> **Goal of the exercise**
Taking the listing below, restate word for word each line from the line with "1.09 inch OLED" to the line with "Image by pch.vector", ends included, and stop there.

> **Data for this task**

....................

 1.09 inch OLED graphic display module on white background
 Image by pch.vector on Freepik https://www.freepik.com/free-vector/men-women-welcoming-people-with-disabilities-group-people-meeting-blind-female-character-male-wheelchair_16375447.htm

....................

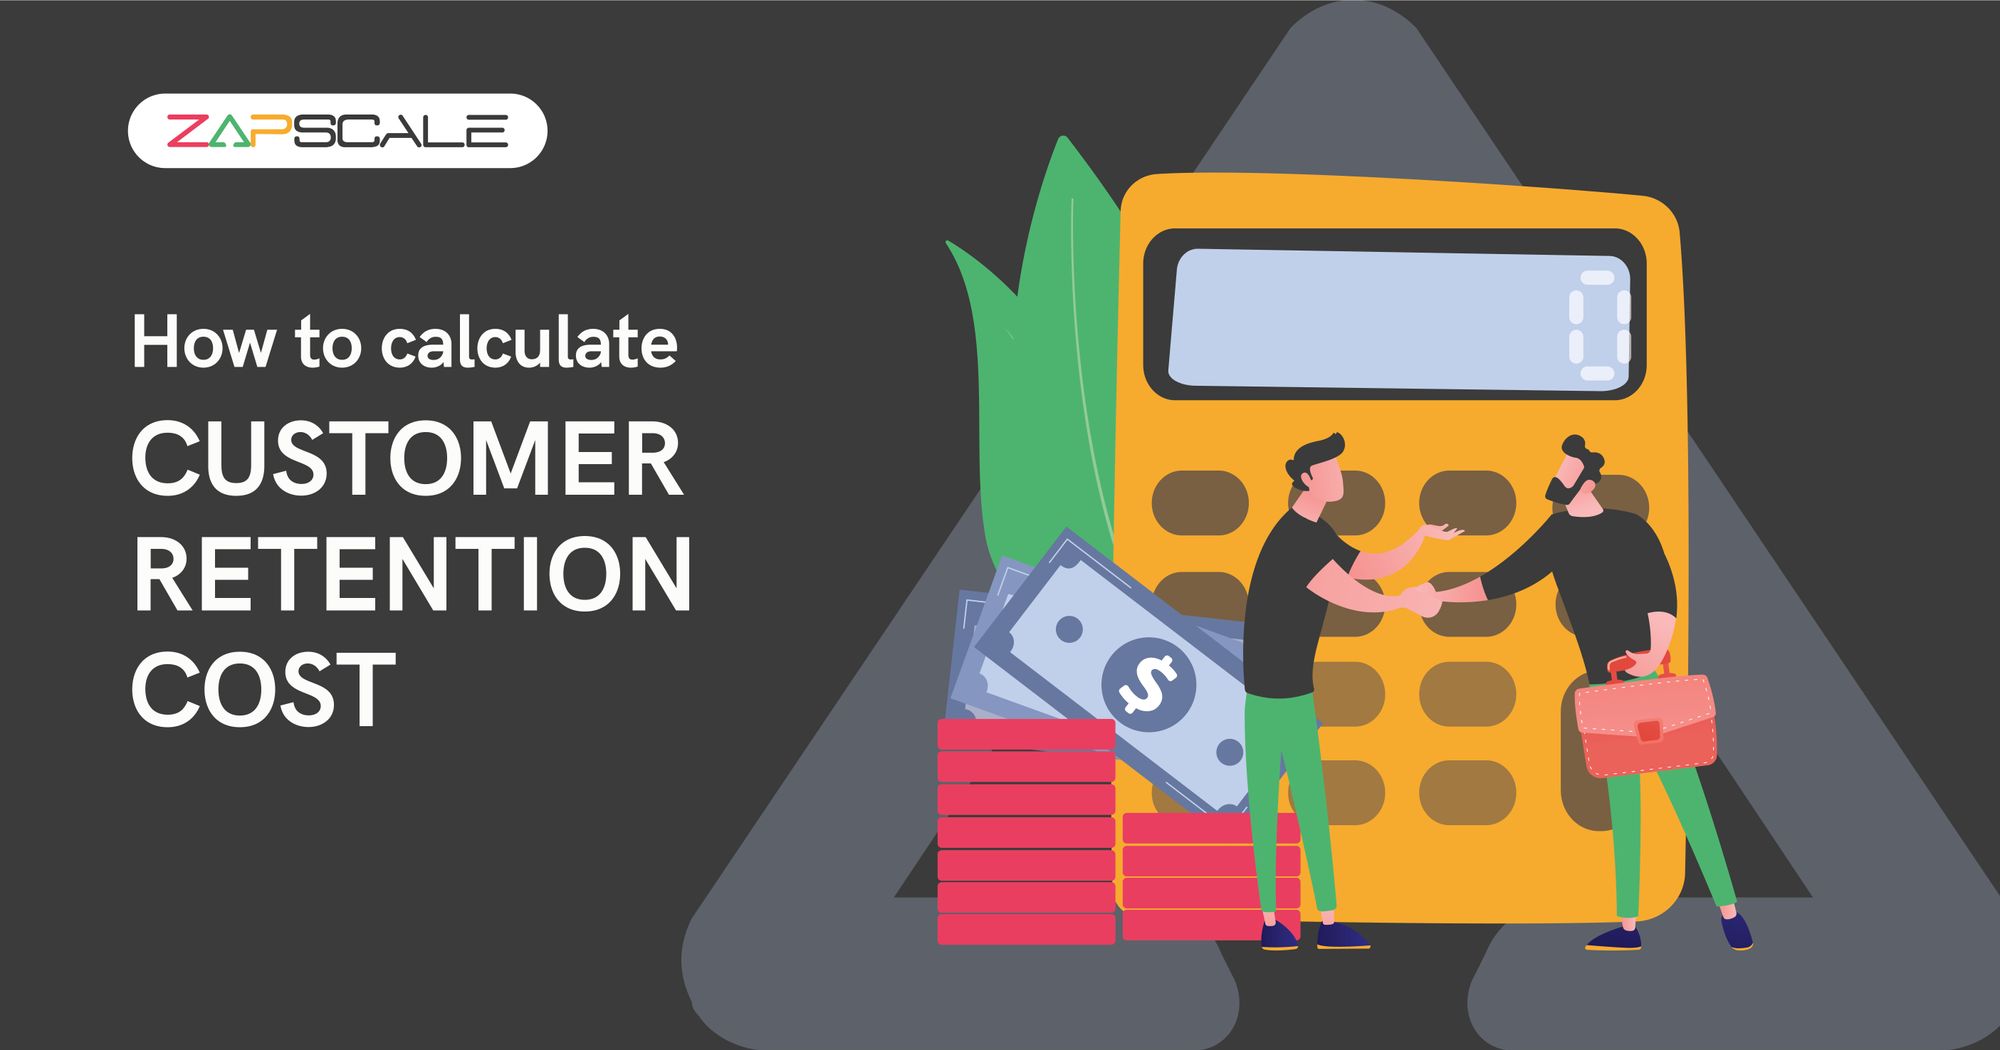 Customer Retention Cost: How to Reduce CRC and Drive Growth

....................

> **Answer to the exercise**
 1.09 inch OLED graphic display module on white background
 Image by pch.vector on Freepik https://www.freepik.com/free-vector/men-women-welcoming-people-with-disabilities-group-people-meeting-blind-female-character-male-wheelchair_16375447.htm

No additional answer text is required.